Я приобщился, поперхнулся, закашлялся и хрипло произнёс:

— Вот это да! Что это такое?

— Самогон двойной выгонки.

— Понятно… Ну, и?!

— Что, ну и?!

— Господи, Боже мой! Ну сколько можно!? Мы хотели пофилософствовать, смею вам напомнить!

— Ах, да… Извините! Извольте, господин хороший!

— Я не господин вам!

— Ах, ну да… Извините, товарищ мой!

— Ну, ну…

— Так вот… Как-то жил был давным-давно в Германии один философ. Лейбниц Готфрид…

— Вильгельм… — вежливо произнёс я.

— Что?

— Полное имя Лейбница, — Готфрид Вильгельм, — я скромно опустил взор свой к асфальту, покрытому скелетообразными останками прошлогодних и убогих жухлых листьев.

— Да, в таком странном месте встретить эрудита и философа, — огромная удача и редкость для другого философа и эрудита, — восхитился Негодяй.

— Согласен с вами.

— Именно на мыслящих людях держится этот мир. Эх, мне бы ещё немного везения, денег и силы воли!

— Не только перед вами стоят эти вечные проблемы, — печально сказал я и досадливо поморщился. — Но есть ещё одна главная и вечная, как мир, проблема.

— И какая же?

— Бабы, бабы…

— Да, баба хорошая нам бы не помешала.

— Да я совсем не о том!

— А о чём?

— Не придуривайтесь! Вам это совершенно не идёт!

— Да, я знаю… Извините меня ради Бога!

— Извиняю. Сам такой же придурок…

— Эх!!! — горестно воскликнул Негодяй.

— Да, женщины, женщины, — грустно произнёс я и задумался.

Мы некоторое время помолчали, а потом Негодяй сумрачно произнёс:

— И так… Вернёмся к главной теме, к философской теме. «Я стою на том, что плохая голова, обладая вспомогательными преимуществами и упражняя их, может перещеголять самую лучшую, подобно тому, как ребёнок может провести по линейке линию лучше, чем величайший мастер от руки». Лейбниц Готфрид Вильгельм…

— Браво! Я восхищён!

— Да чему здесь восхищаться? — поморщился Негодяй.

— Как чему!?

— В принципе, кому нужны мудрые мысли, изложенные в так называемых великих и, якобы, вечных трудах!? И, вообще, полная ерунда всё это! Ну, донесу я сейчас до вашего ума мировоззрение Лейбница. Это же полный бред, который абсолютно чужд и совершенно непонятен чисто практическому и повседневному разуму простого обывателя!

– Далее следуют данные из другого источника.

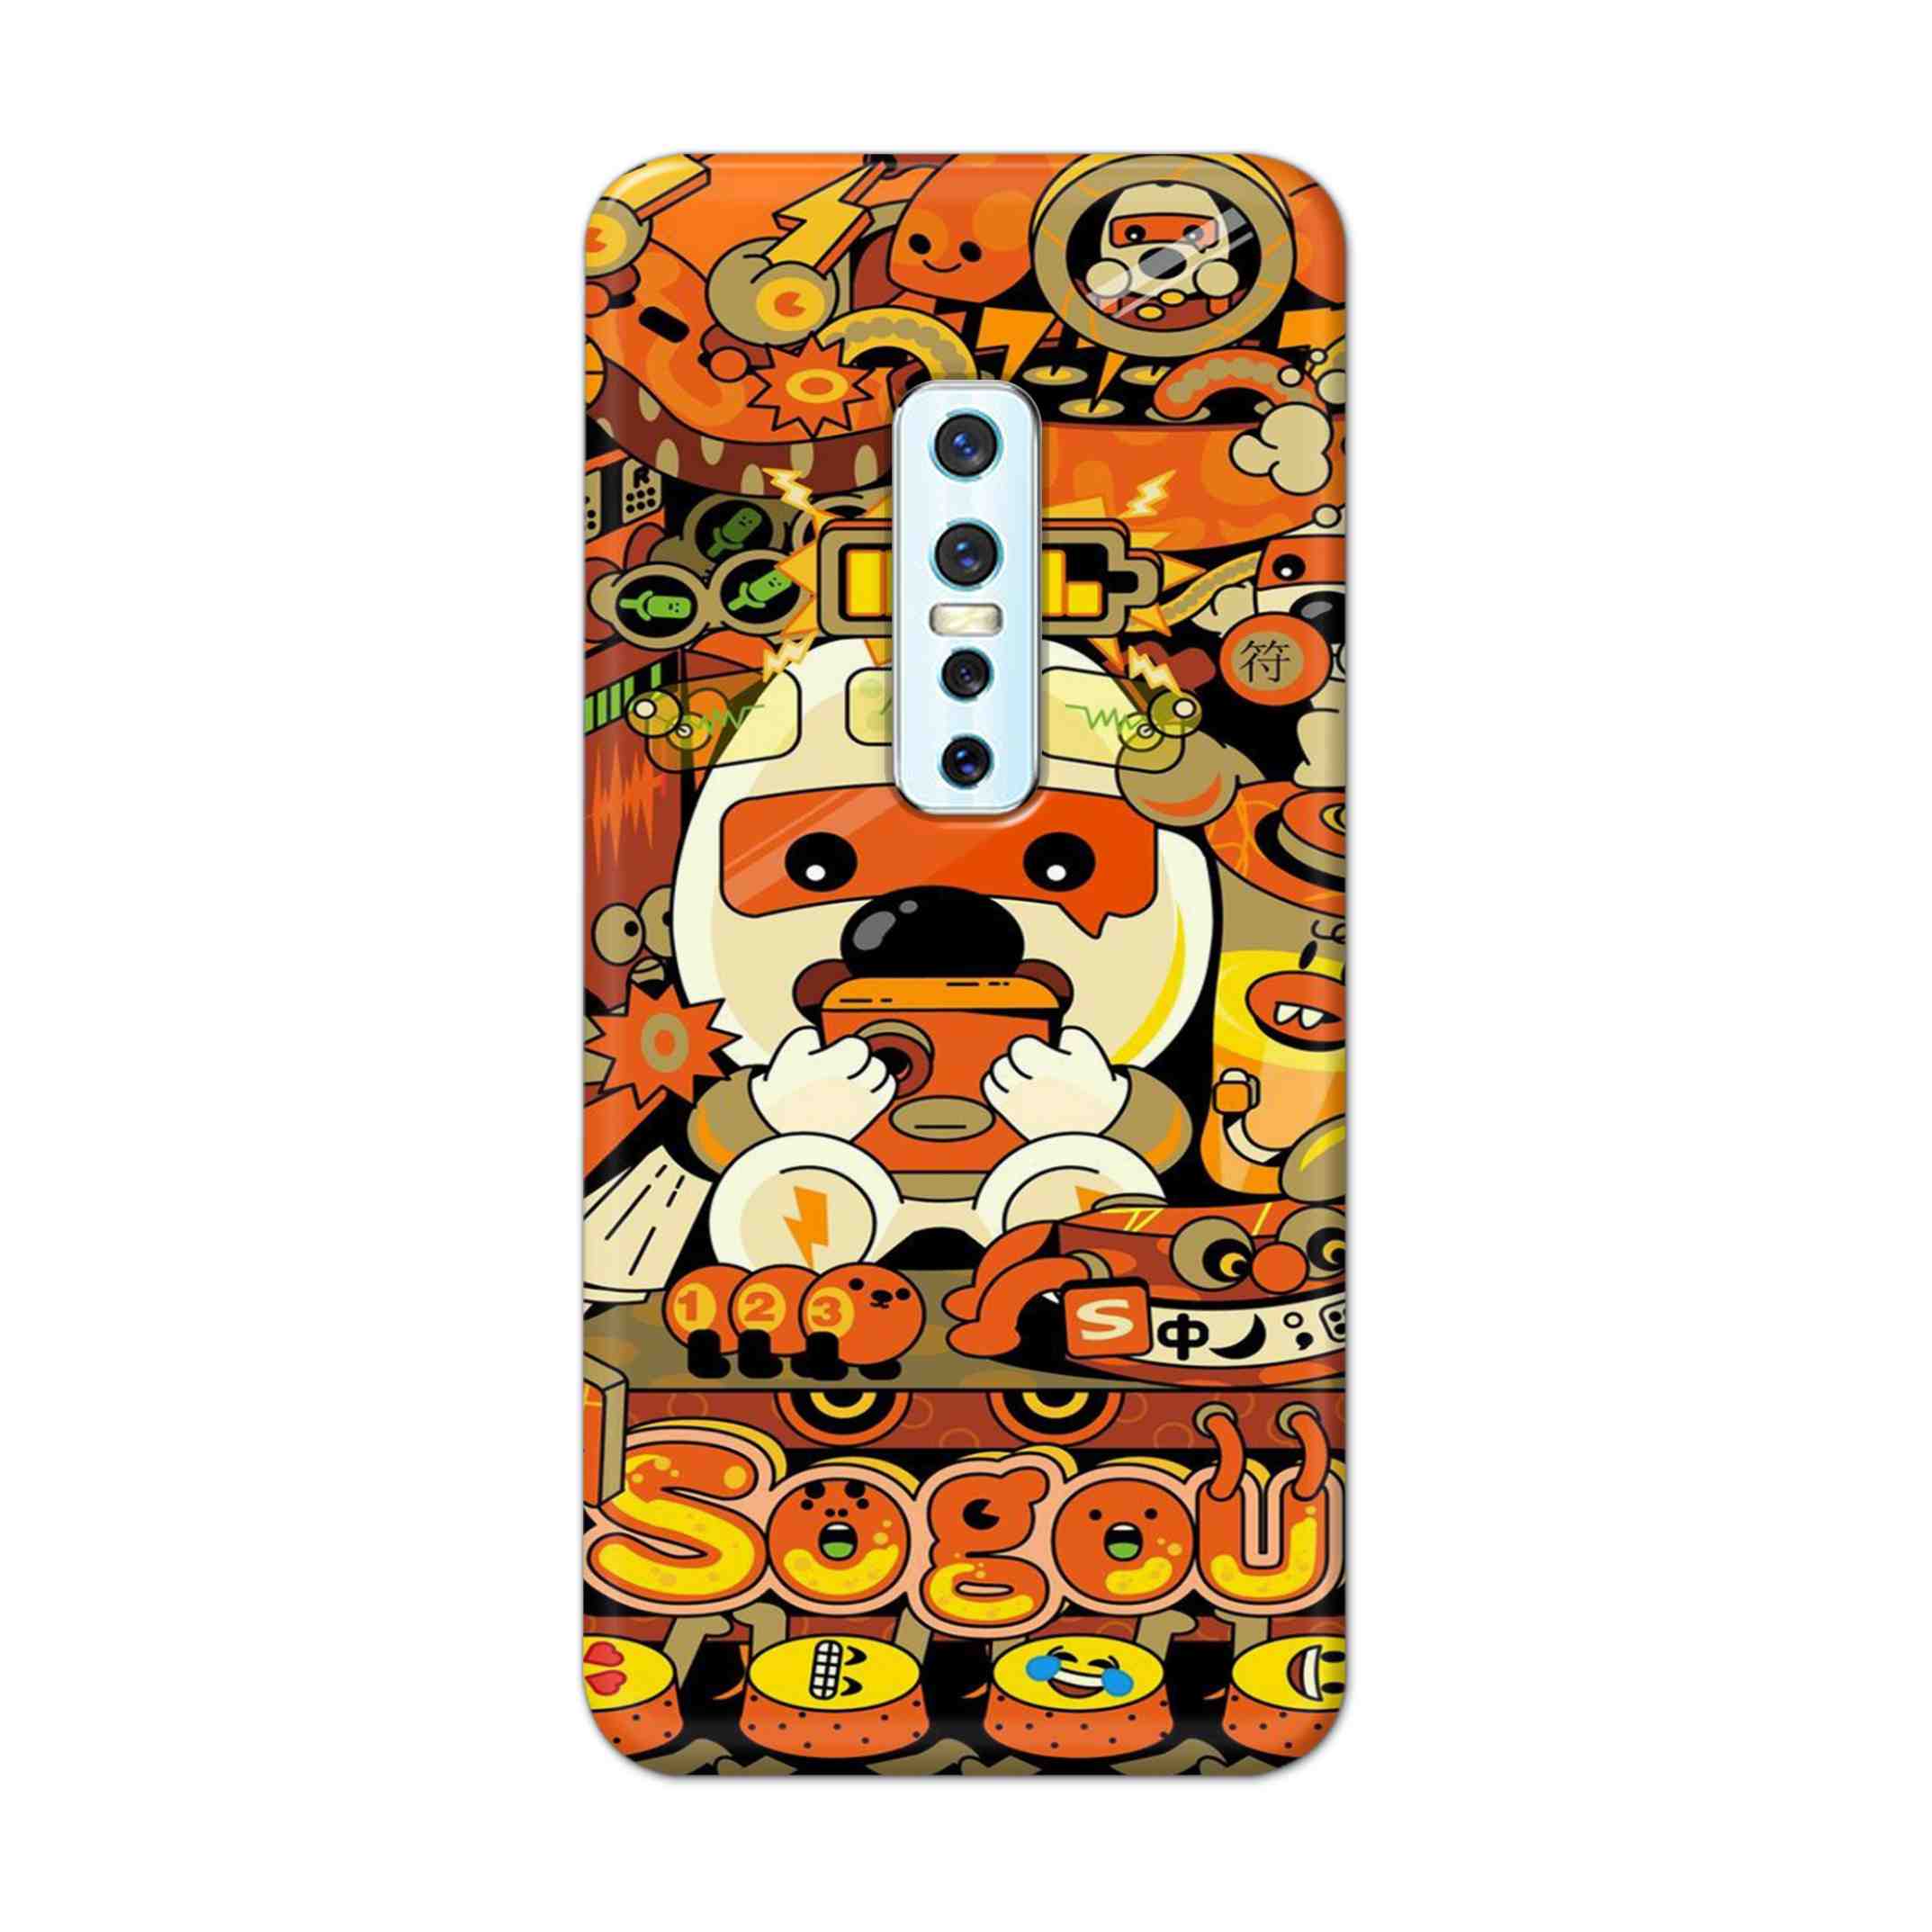 Buy Sogou Hard Back Mobile Phone Case Cover For Vivo V17 Pro Online

— А всё-таки, изложите! — воскликнул я. — Если мы являемся двумя истинными философами, неторопливо ведущими беседу о чём-то сложном, то именно об этом и следует говорить, а не о том, что импонирует повседневному и практическому уму!

— Водки бы ещё?! — мрачно произнёс мой собутыльник и потряс пустой флягой перед головой. — Увы, мой фирменный напиток закончился.

— Да без проблем! — весело рассмеялся я и послал Негодяя за водкой, а сам предался меланхоличным размышлениям.

Гонец вернулся очень быстро. После употребления искомого напитка у меня началось определённое кружение в голове.

— И так… Основными критериями философии, выдвигаемыми Лейбницем, были универсальность и стройность рассуждений, достижение которых обеспечивалось выполнением четырёх принципов.

Я стал медленно погружаться в нирвану.

— И так… Первый принцип. Непротиворечивость возможного, или мыслимого бытия (Закон противоречия).

— Второй принцип, — икнул Негодяй. — Логический примат возможного над действительным, или существующим.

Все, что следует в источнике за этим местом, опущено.